# Cheap, easy pond



## Aqua360 (26 Jul 2016)

Hi all,

my neighbour has offered me their Fluval Roma 125 aquarium, complete with 5 large goldfish. In breaking down their tank, i've boarded the goldfish in my Trigon 350 for now; but even in that tank they are far too large for it. 

I think in their best interests, a pond is required; and while thinking of relatives with ponds, i'm starting to think about whether it's feasible for me to run even a smaller one.

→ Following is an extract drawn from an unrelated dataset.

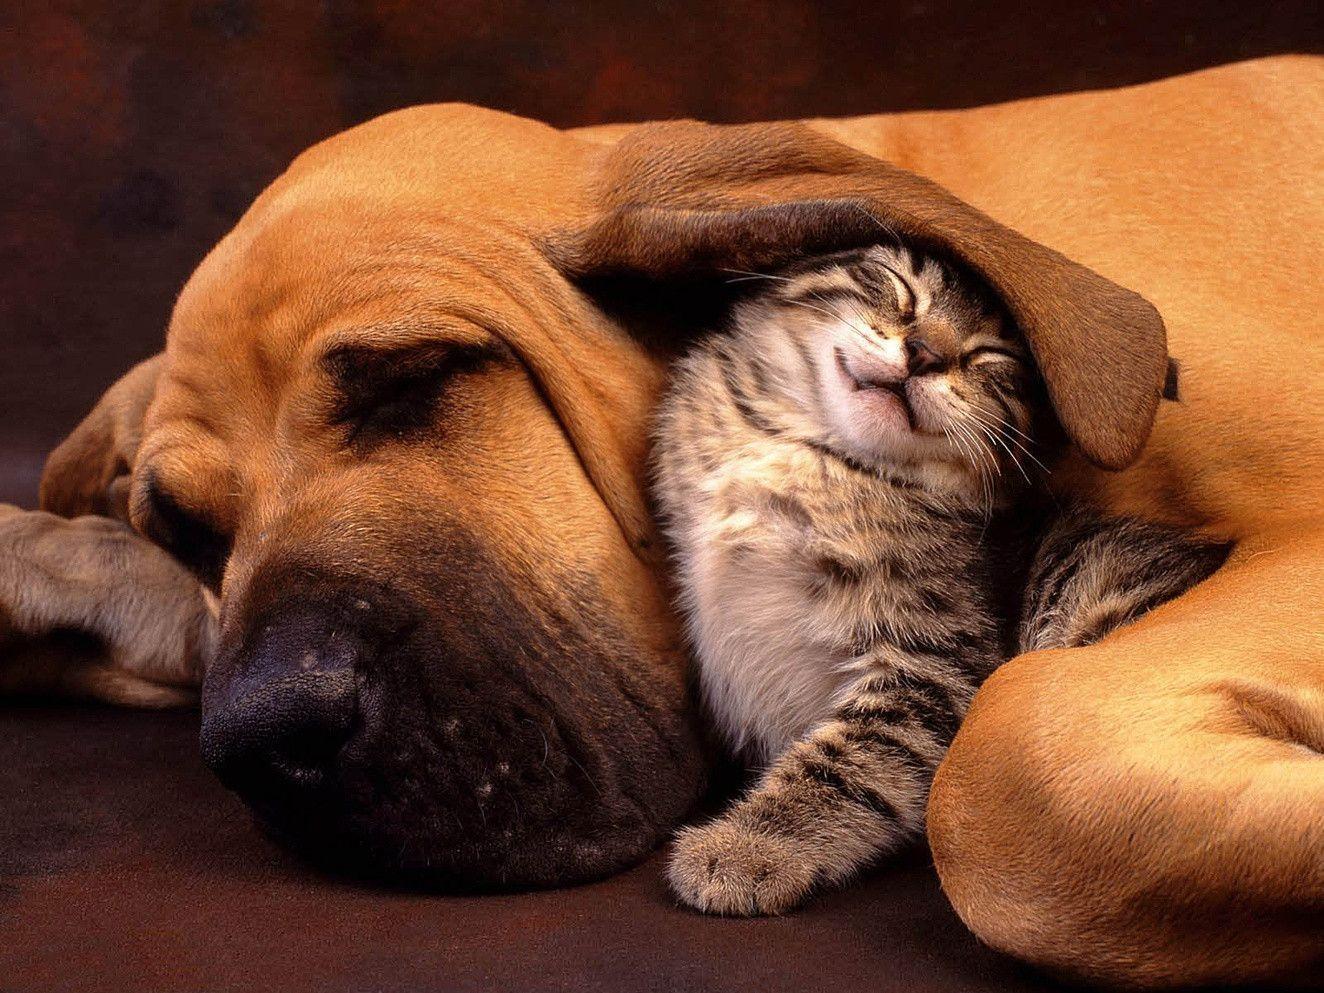 Cats And Dogs Wallpapers - Wallpaper Cave

My main concerns would be whether i'd need a source of electricity for it for pumps etc, or if it's possible to run one without in some form? I'll be doing my research now, but thought i'd ask here too 

cheers


----------



## mort (26 Jul 2016)

How large is large? We used to have ponds when I was a kid with goldfish many decades old and nearly a foot without a proper filter. The ponds were always heavily planted. We did have to keep removing the excess babies every year. The pond was actually too small when I think of it now, one of those fibre glass jobs, but everything seemed happy. I do think that goldfish were a lot hardier then.
now we have a filter and some proper fat fish. Its fairly cheap to run and you don't need high end stuff so could probably get it all sorted for a couple of hundred pounds or less if you find something on gum tree.

So I'd say you can, given luck and the right pond, do it without all the gear but having it certainly helps make it easier.


----------



## martin-green (27 Jul 2016)

If you want to look after the fish do it properly and have an electricity supply installed, then add a pump bio filter and UV.


----------